Kaiserslautern crashes blamed on snow, slippery roads
Stars and Stripes March 7, 2006
RAMSTEIN AIR BASE, Germany — Heavy snow and slippery roads over the weekend caused hundreds of traffic accidents in the Rhineland-Palatinate area of Germany, injuring at least 18 people, German police reported.
There were 323 traffic accidents just in the Kaiserslautern and Ludwigshafen areas, according to police reports. The accidents resulted in more than $1 million in damage.
In the Kaiserslautern area, home to a U.S. military population of about 55,000 Americans, there were 93 accidents between Friday and Sunday causing about $275,000 in damage, according to Christiane Lautenschlager, a spokeswoman for the Westpfalz police headquarters.
In less than four hours, there were 26 accidents in the city and surrounding area, she added. The 569th U.S. Forces Police Squadron, which patrols U.S. military bases in the Kaiserslautern area, reported 13 accidents Thursday and Friday, said Erin Zagursky, a spokeswoman at Ramstein Air Base.

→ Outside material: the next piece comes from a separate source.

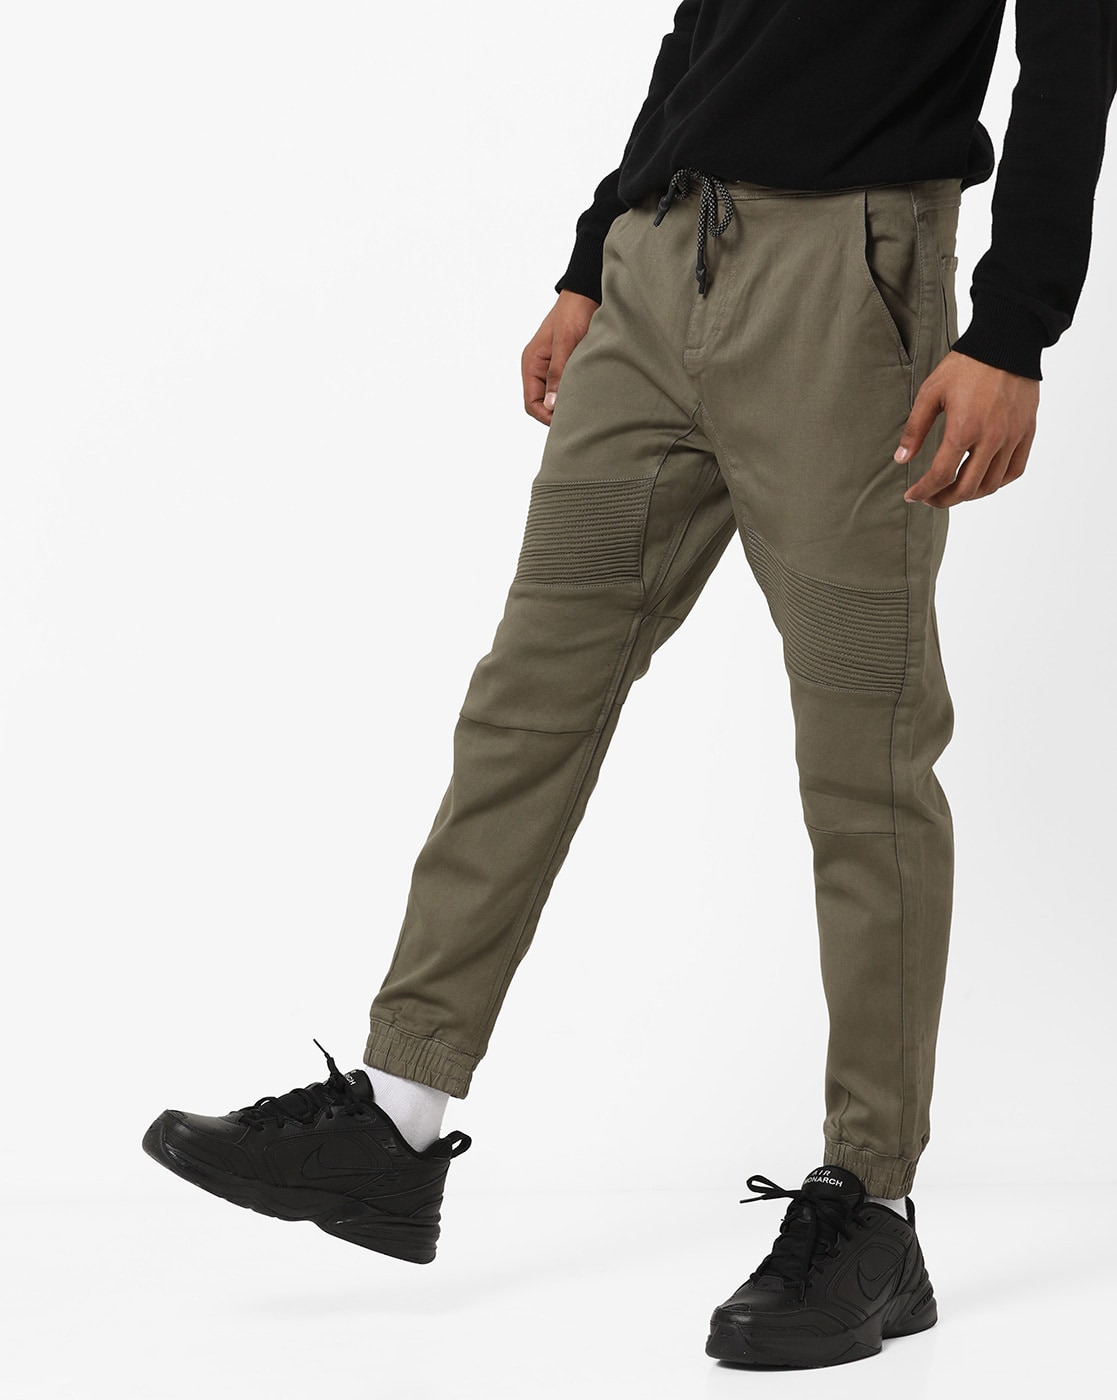 Buy Olive Trousers & Pants Men by DNMX | Ajio.com

Tech. Sgt. Ryan Wilt, a pavements and heavy equipment craftsman at the base, said 40 airmen worked 12-hour shifts to clear base streets and plow the runway to keep air traffic coming and going. He estimated that crews had spread 60 tons of salt on base roads.

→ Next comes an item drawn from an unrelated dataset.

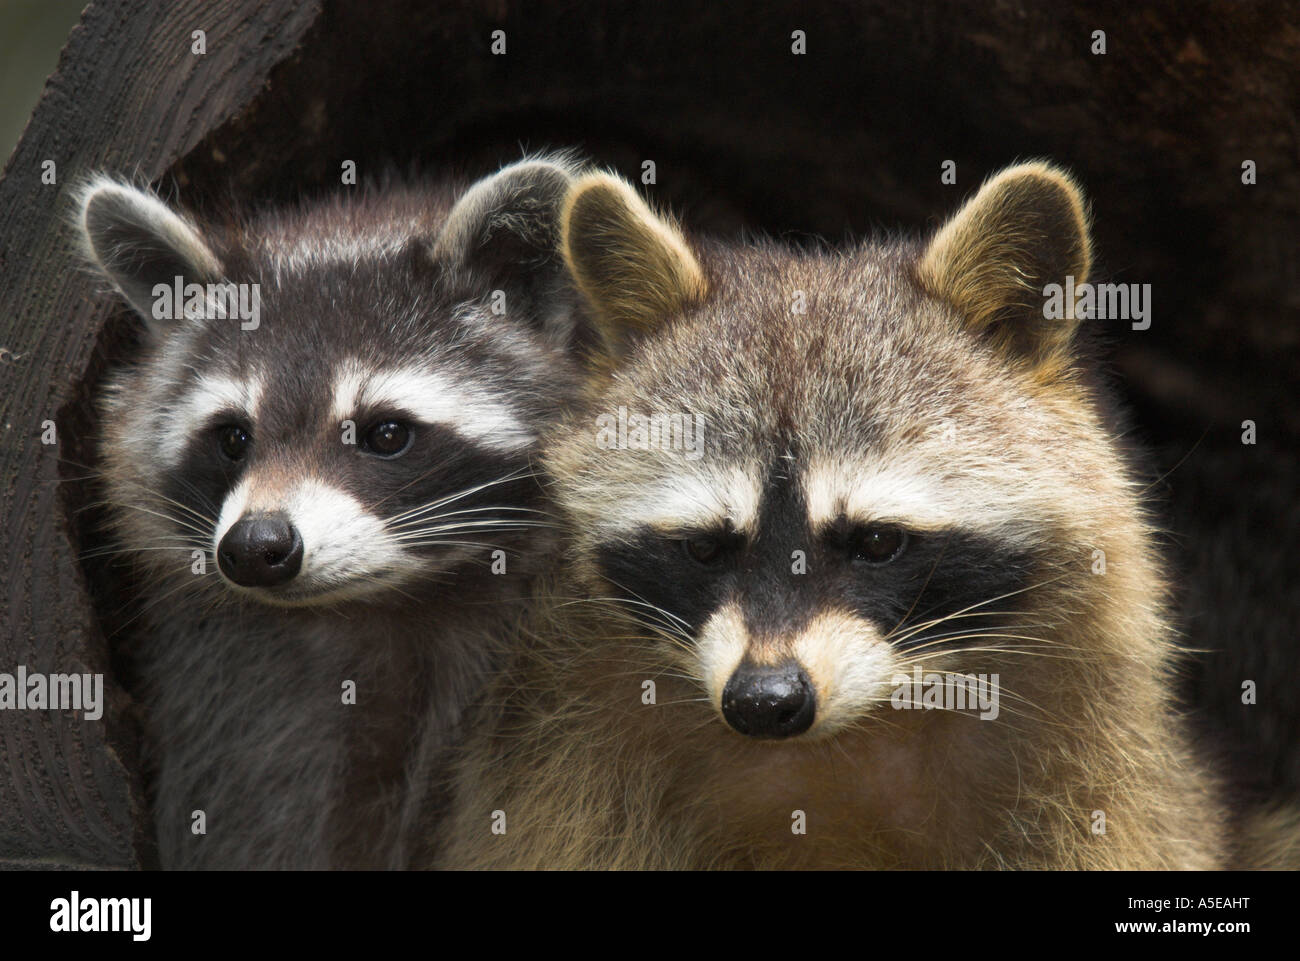 pair of common raccoon,Procyon lotor, Waschbär Pärchen Stock Photo

“We pretty much had every piece of equipment out to get the runway done,” he said.
Crews continued pushing, plowing and blowing snow on the runway to remove all of the snow from the ramps. Industrial blowers filled dump trucks with snow to be taken away from the runway, ramps and taxiways. Wilt said it should take about two days to completely remove the snow.

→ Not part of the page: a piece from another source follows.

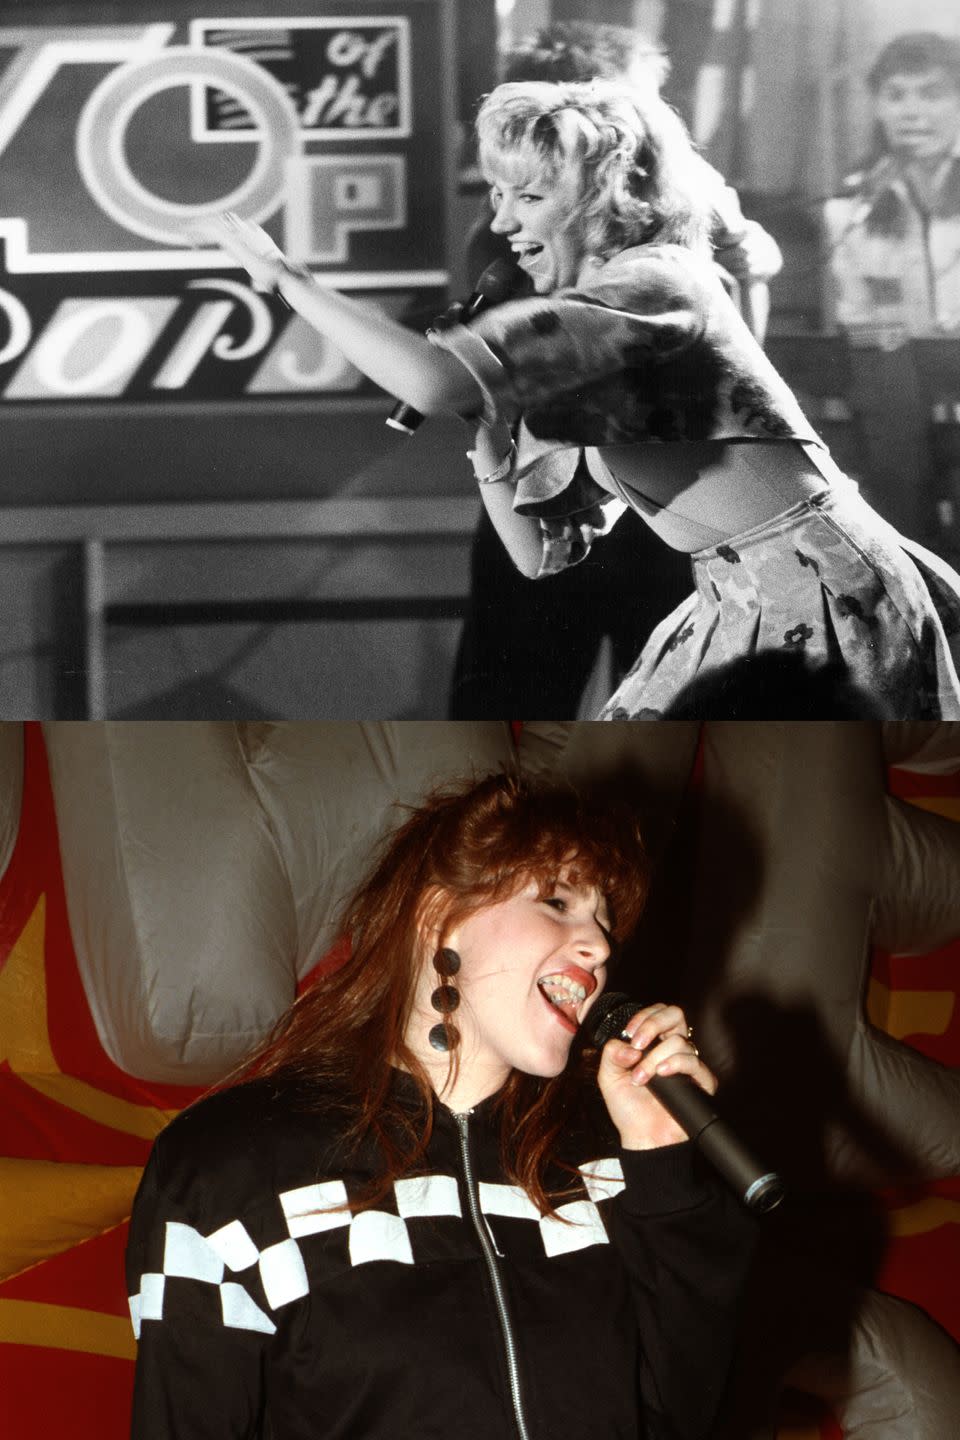 1987: Debbie Gibson vs. Tiffany

More than 10 inches of snow fell in the Kaiserslautern area. Much of it fell in a few hours on Friday afternoon, forcing many commands to send some people home from work early and shutting down many base services.
However, even at the peak of the snowstorm, planes continued to fly in and out of Ramstein Air Base. They suspended operations for only one hour on Friday, so crews could get out and clear the runway.